建立完後，讀取第一週已經訓練好的神經網路權重

In [16]:
model_0_to_9.load_weights('handwriteing_model_weights.h5')

由於沒有要真的使用手寫辨識模型，所以無需 compile, fit 或 evaluate

接著定義新的 output layer

In [18]:
new_output_layer = [Dense(2),
                   Activation('softmax')]

model_0_to_1 = Sequential(all_except_last + new_output_layer)
model_0_to_1.summary()

Model: "sequential_5"
_________________________________________________________________
Layer (type)                 Output Shape              Param #   
dense_7 (Dense)              (None, 500)               392500    
_________________________________________________________________
activation_7 (Activation)    (None, 500)               0         
_________________________________________________________________
dense_8 (Dense)              (None, 500)               250500    
_________________________________________________________________
activation_8 (Activation)    (None, 500)               0         
_________________________________________________________________
dense_11 (Dense)             (None, 2)                 1002      
_________________________________________________________________
activation_11 (Activation)   (None, 2)                 0         
Total params: 644,002
Trainable params: 644,002
Non-trainable params: 0
________________________________________________

注意如果僅沿用而不訓練到前兩層，可以透過下面的方式將借來的神經網路冷凍起來

In [19]:
for layer in all_except_last:
    layer.trainable = False

冷凍後神經網路的 summary 會有些變化

In [20]:
model_0_to_1.summary()

Model: "sequential_5"
_________________________________________________________________
Layer (type)                 Output Shape              Param #   
dense_7 (Dense)              (None, 500)               392500    
_________________________________________________________________
activation_7 (Activation)    (None, 500)               0         
_________________________________________________________________
dense_8 (Dense)              (None, 500)               250500    
_________________________________________________________________
activation_8 (Activation)    (None, 500)               0         
_________________________________________________________________
dense_11 (Dense)             (None, 2)                 1002      
_________________________________________________________________
activation_11 (Activation)   (None, 2)                 0         
Total params: 644,002
Trainable params: 1,002
Non-trainable params: 643,000
____________________________________________

接著訓練這個部分架構及權重跟別人借用的 0 或 1 手寫辨識模型

In [21]:
model_0_to_1.compile(loss='mse', optimizer=SGD(lr=0.1), metrics=['accuracy'])

## 訓練第一個轉移學習學到的神經網路

完成第一個 transfer learning 的神經網路，這裡還有兩件事要決定
* 一次要訓練幾筆資料 (`batch_size`)，以 100 筆調一次參數
* 這 12665 筆資料一共要訓練幾次 (`epochs`)，訓練 5 次試試 (因為只剩 0 或 1 的資料，訓練太多易 over-fitting)

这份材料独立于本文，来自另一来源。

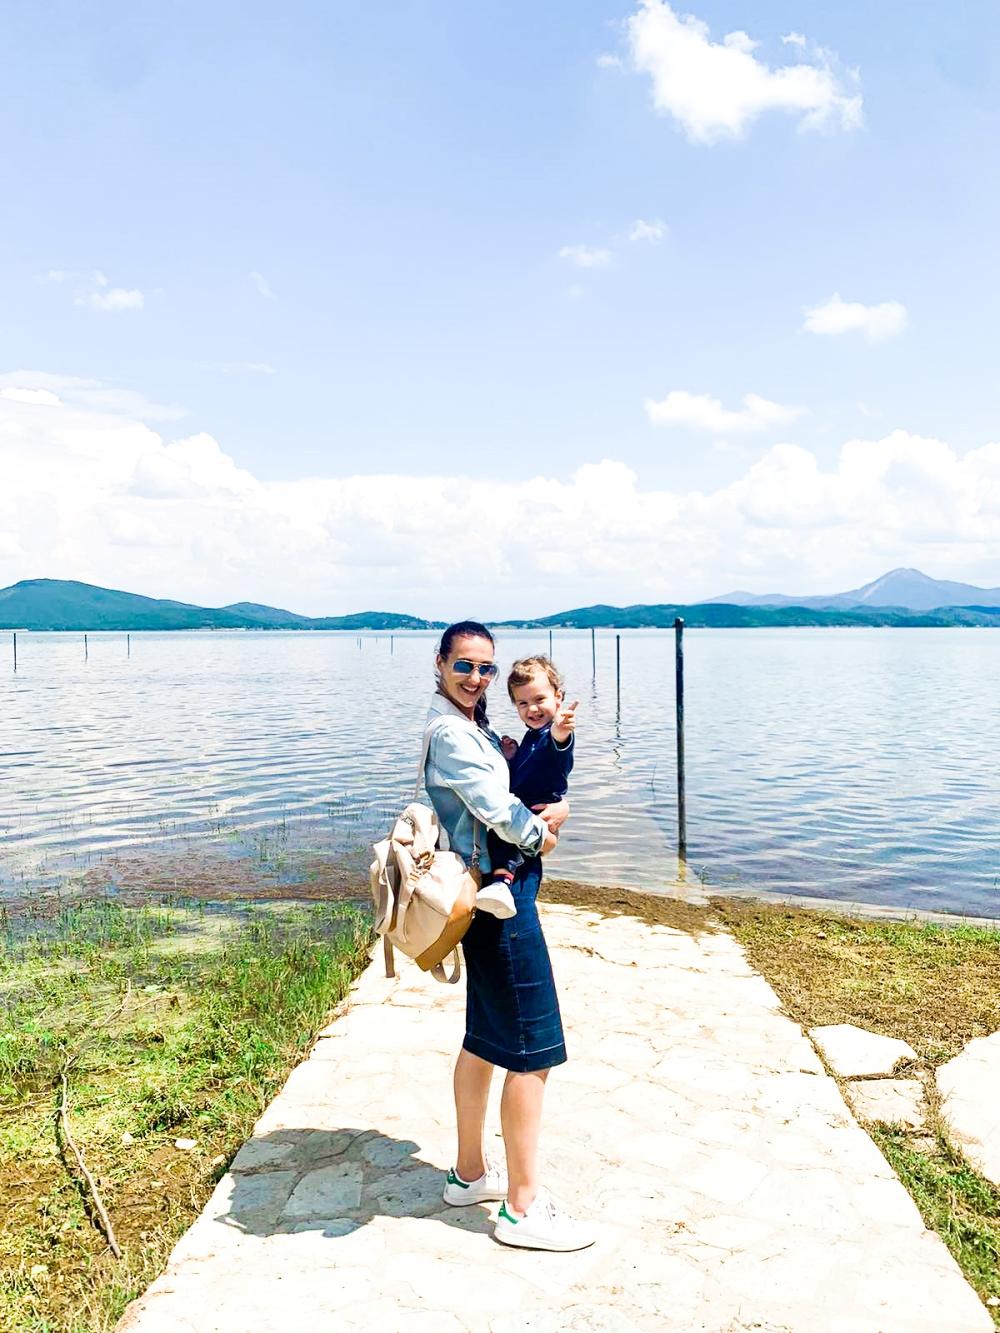 Limni Plastiras fotografies, Plastira Lake travel photos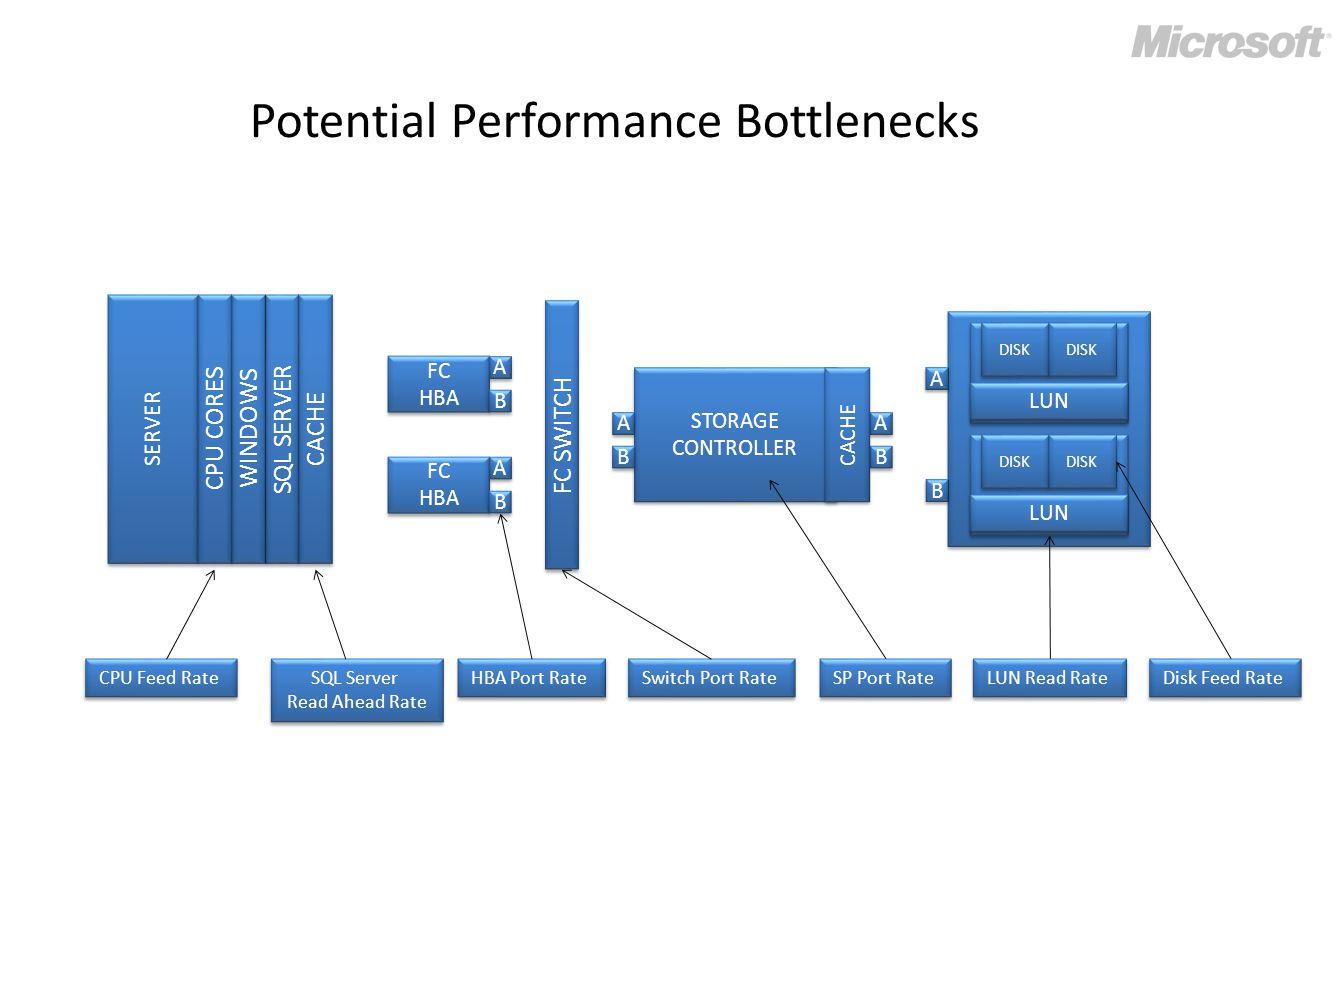 Potential Performance Bottlenecks FC HBA FC HBA A A B B FC HBA FC HBA A A B B FC SWITCH STORAGE CONTROLLER STORAGE CONTROLLER A A B B A A B B CACHE SE

於是要有比第一週快上 100 倍的效果 (因為訓練資料只剩 1/5，且可訓練權重數量從 64 萬變 1 千)

In [22]:
x_train_01.shape, y_train_01.shape

((12665, 784), (12665, 2))

In [23]:
model_0_to_1.fit(x_train_01, y_train_01, batch_size=100, epochs=5)


Epoch 1/5
Epoch 2/5
Epoch 3/5
Epoch 4/5
Epoch 5/5


<keras.callbacks.callbacks.History at 0x1a4ecee8d0>

In [24]:
score = model_0_to_1.evaluate(x_test_01, y_test_01)



In [25]:
print('測試資料的 loss：', score[0])
print('測試資料正確率：', score[1])

測試資料的 loss： 0.0014023022643063685
測試資料正確率： 0.9990543723106384


## 完成第一個透過轉移學習得到的神經網路模型

轉移學習的模型差不多都是這樣建立的，實際上，Keras 亦提供許多被證實有良好表現且訓練好 (pre-trained) 的模型，如：

* Xception
* VGG16
* VGG19
* ResNet50
* InceptionV3
* InceptionResNetV2
* MobileNet
* DenseNet
* NASNet

詳細使用方式可參考 Keras [Documentation](https://keras.io/applications/)
但使用這些模型進行轉移訓練，**可能**需要其他更彈性的神經網路寫法